5.3.5 Compute with mutate
mutate allows one to either create new variables, or overwrite the
existing ones with new content. For instance, we can create a new
variable child for everyone who is less than 14:
## # A tibble: 2 × 15
## pclass survived name sex age sibsp parch
## <dbl> <dbl> <chr> <chr> <dbl> <dbl> <dbl>
## 1 1 1 Allen, Miss. Eli… fema… 29 0 0
## 2 1 1 Allison, Master.… male 0.917 1 2
## ticket fare cabin embarked boat body home.dest child
## <chr> <dbl> <chr> <chr> <chr> <dbl> <chr> <lgl>
## 1 24160 211. B5 S 2 NA St Louis,… FALSE
## 2 113781 152. C22 C26 S 11 NA Montreal,… TRUE
Note the new variable child, the new variables are normally placed as the last ones in the data frame. There are many ways to do computations, and note that these do not have to be traditional mathematical operations.
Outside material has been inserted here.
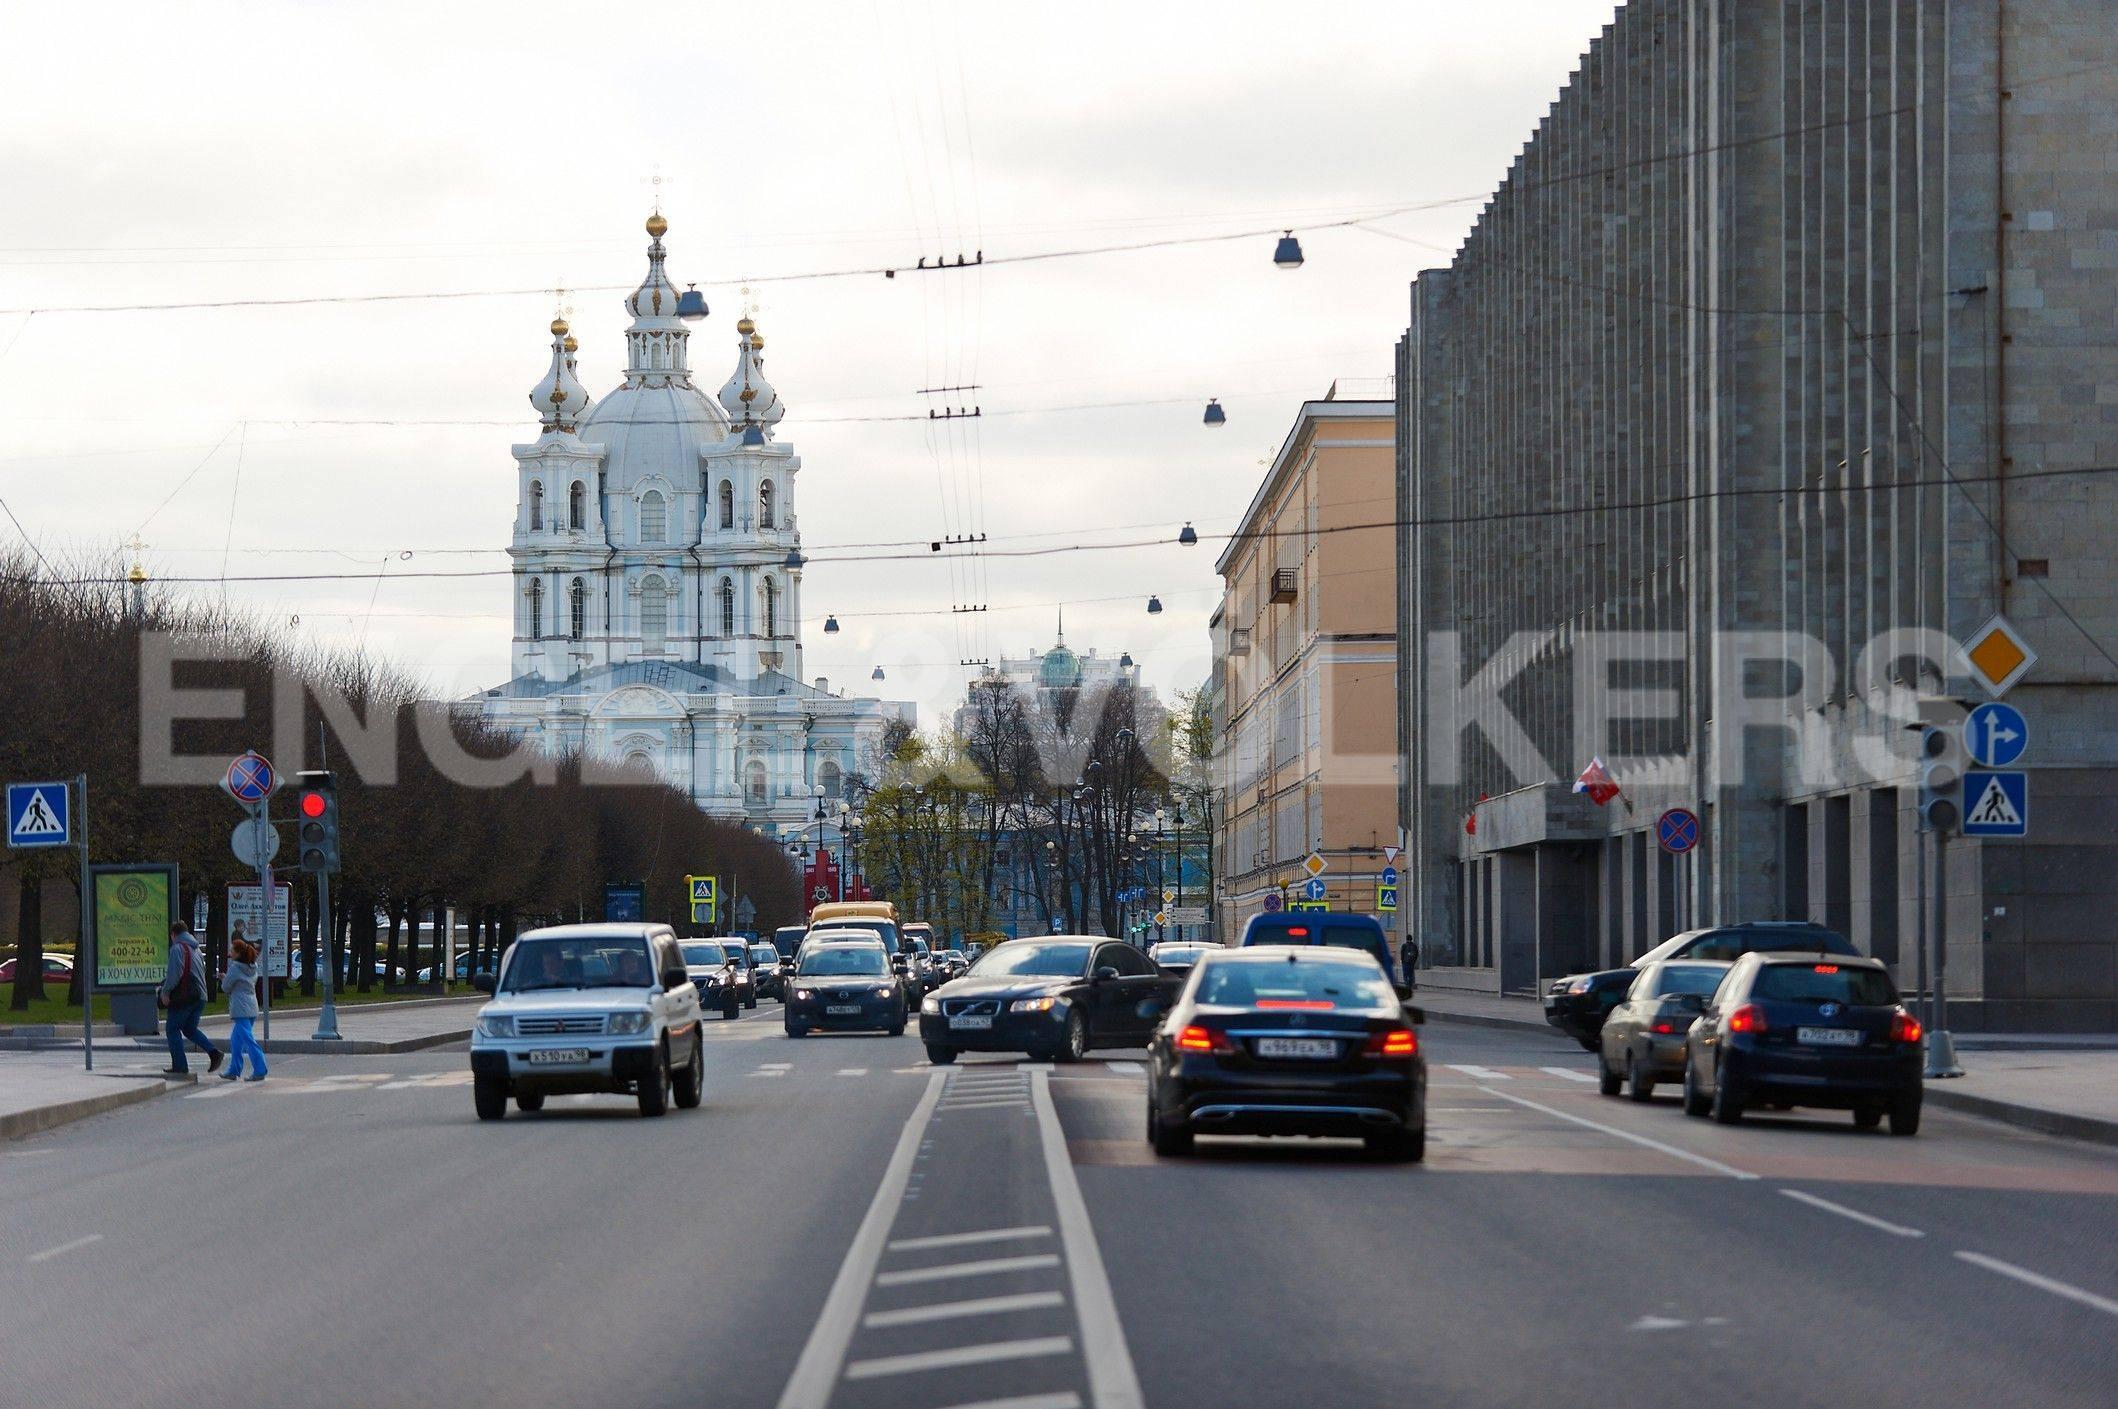 Элитные квартиры в Центральном районе. Санкт-Петербург, Шпалерная ул. 60. улица Шпалерная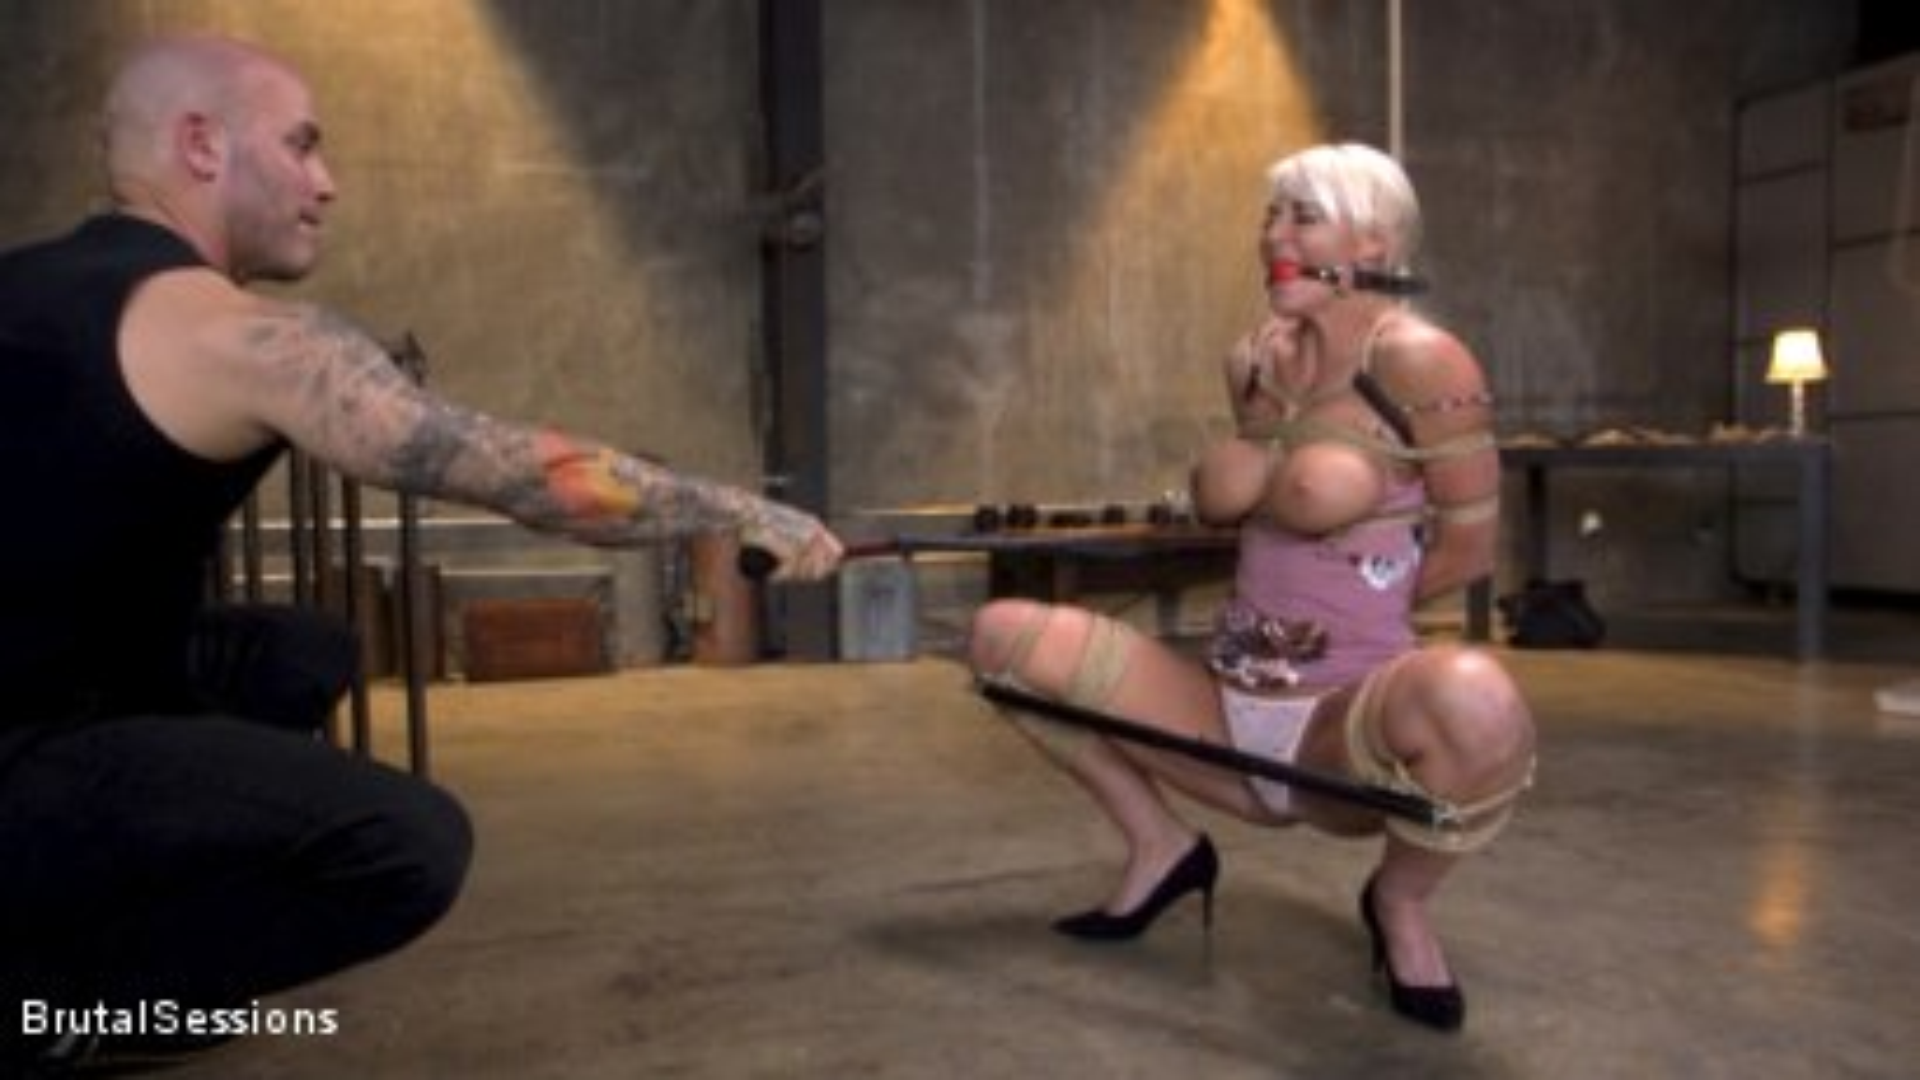 Electro Sex Bondage Torture

In the child example above, we were using a logical operation that results in either TRUE or FALSE, depending on if someone is younger or older than 14.
If you are not happy with TRUE-s and FALSE-s, one can also transform
these into e.g. words “child” and “adult” using, for instance ifelse:
## # A tibble: 2 × 15
## pclass survived name sex age sibsp parch
## <dbl> <dbl> <chr> <chr> <dbl> <dbl> <dbl>
## 1 1 1 Allen, Miss. Eli… fema… 29 0 0
## 2 1 1 Allison, Master.… male 0.917 1 2
## ticket fare cabin embarked boat body home.dest child
## <chr> <dbl> <chr> <chr> <chr> <dbl> <chr> <chr>
## 1 24160 211. B5 S 2 NA St Louis,… adult
## 2 113781 152. C22 C26 S 11 NA Montreal,… child
Now everyone who is younger than 14 is called “child”, and everyone 14
and above is “adult”. ifelse requires three arguments, a logical
condition and two values–the first for TRUE and the second for FALSE
cases.
5.4 Combining functions into pipelines
The power of these functions becomes apparent when we combine these into pipelines. For instance: what was the average fare paid by three oldest female survivors? Before we get to the code, we have to thing how to split this question into individual steps. These steps may look like:
- take Titanic data
- filter only survivors
- filter only females
- order by age in descending order
- take top three rows of data (use
head) - extract fare
- compute mean
This can be implemented as
titanic %>%
filter(survived == 1) %>%
filter(sex == "female") %>%
arrange(desc(age)) %>%
head(3) %>%
pull(fare) %>%
mean()## [1] 62.85277
So their average fare was 62 pounds.
Alternatively, we may ask what was their minimum and maximum fare paid. Now we want to learn two numbers, so we cannot use the exact same approach any more. We may want to return a data frame with these two numbers instead. Accordingly, the recipe would look slightly different:
- take Titanic data
- filter only survivors
- filter only females
- order by age in descending order
- take top three rows of data (use
head) - compute minimum and maximum fare (using
summarize)
This can be implemented as
titanic %>%
filter(survived == 1) %>%
filter(sex == "female") %>%
arrange(desc(age)) %>%
head(3) %>%
summarize(min = min(fare), max = max(fare))## # A tibble: 1 × 2
## min max
## <dbl> <dbl>
## 1 26.6 83.2
So the cheapest price they paid was 26 pounds, and the most expensive was 83 pounds.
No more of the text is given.